In your case you apparently want a signed comparison. For that you have to explicitly convert the unsigned value to signed type (paying close attention not to cause overflow). For example, this will work "as expected"
if (d < (int) TOTAL_ELEMENTS)
...
This is because sizeof_t is mapped to an unsigned long type, so -1 becomes 0xFFFFFFFFFFFFFFFF, a rather large positive integer. Try this:
#include<stdio.h>
#define TOTAL_ELEMENTS(a) ((int)(sizeof((a))/sizeof(*(a))))

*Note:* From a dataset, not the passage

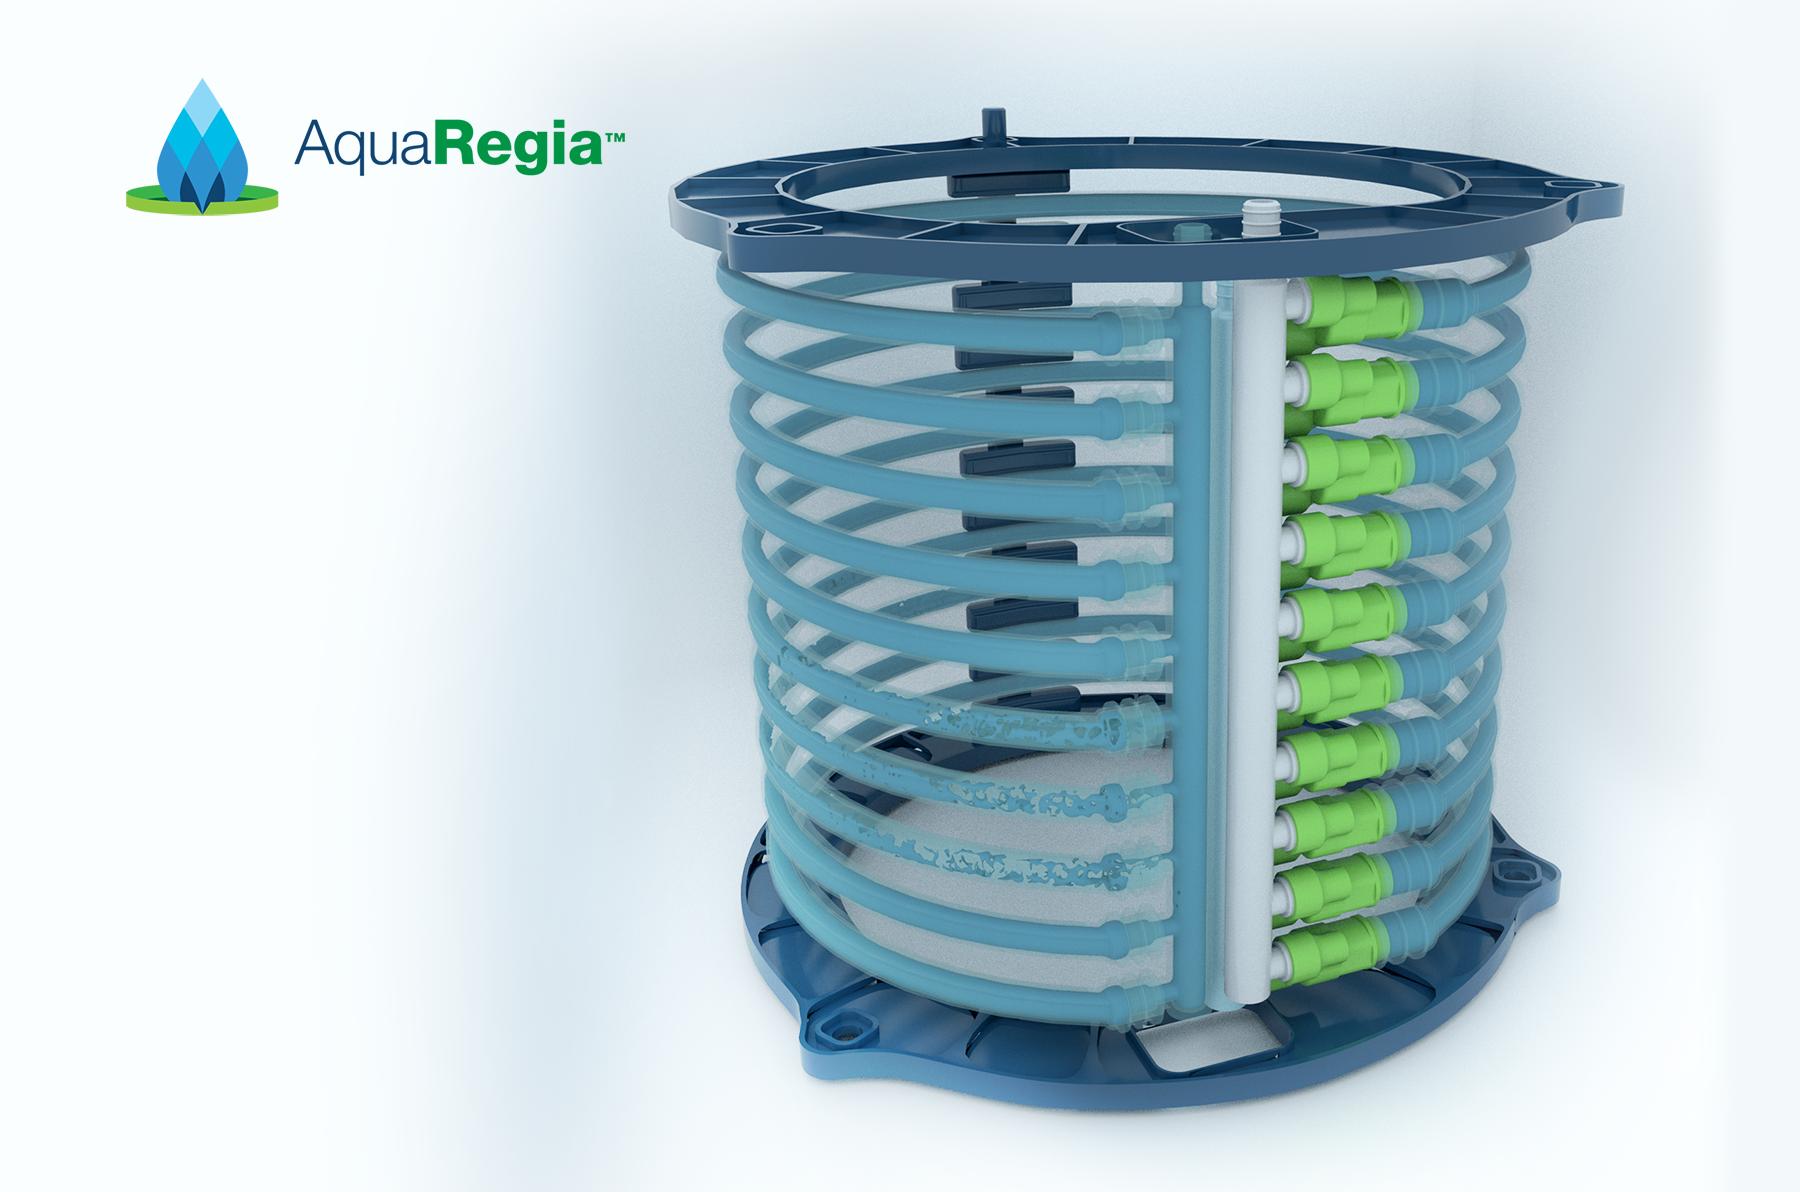 AquaRegia-Unit-slide-3-small.png

int array[] = {23,34,12,17,204,99,16};
int main() {
int d = -1;
if (d < TOTAL_ELEMENTS(array)) {
printf("of course -1 is less than %d",TOTAL_ELEMENTS(array));
} else {
printf("how on earth");
}
return 0;
}
Note how I re-wrote your macro to reference array as its parameter, and added a cast to int to ensure that comparing to -1 would bring an expected result.
what is wrong with this code ? can anyone explain ?
#include <stdio.h>
#include <malloc.h>
#define TOTAL_ELEMENTS (sizeof(array) / sizeof(array[0]))
int array[] = {23,34,12,17,204,99,16};
int main()
{
int num;
int d;
int size = TOTAL_ELEMENTS -2;
printf("%d\n",(TOTAL_ELEMENTS-2));
for(d=-1;d <= (TOTAL_ELEMENTS-2);d++)
printf("%d\n",array[d+1]);
return 0;
}
when i print it gives 5, but inside for loop what is happening ?
The sizeof operator returns a value of type size_t, which is an unsigned value. In your for loop condition test:
d <= (TOTAL_ELEMENTS-2)
you are comparing a signed value (d) with an unsigned value (TOTAL_ELEMENTS-2). This is usually a warning condition, and you should turn up the warning level on your compiler so you'll properly get a warning message.
The compiler can only generate code for either a signed or an unsigned comparison, and in this case the comparison is unsigned. The integer value in d is converted to an unsigned value, which on a 2's complement architecture ends up being 0xFFFFFFFF or similar. This is not less than your TOTAL_ELEMENTS-2 value, so the comparison is false.
You're starting the loop by setting d = -1, it should be d = 0. So for the first element you're reading random bits of memory.
If you fix that, then you can change your printf to be
printf("%d\n",array[d]);
As you've also marked this as homework, I'd advise also take a look at your loop terminating condition.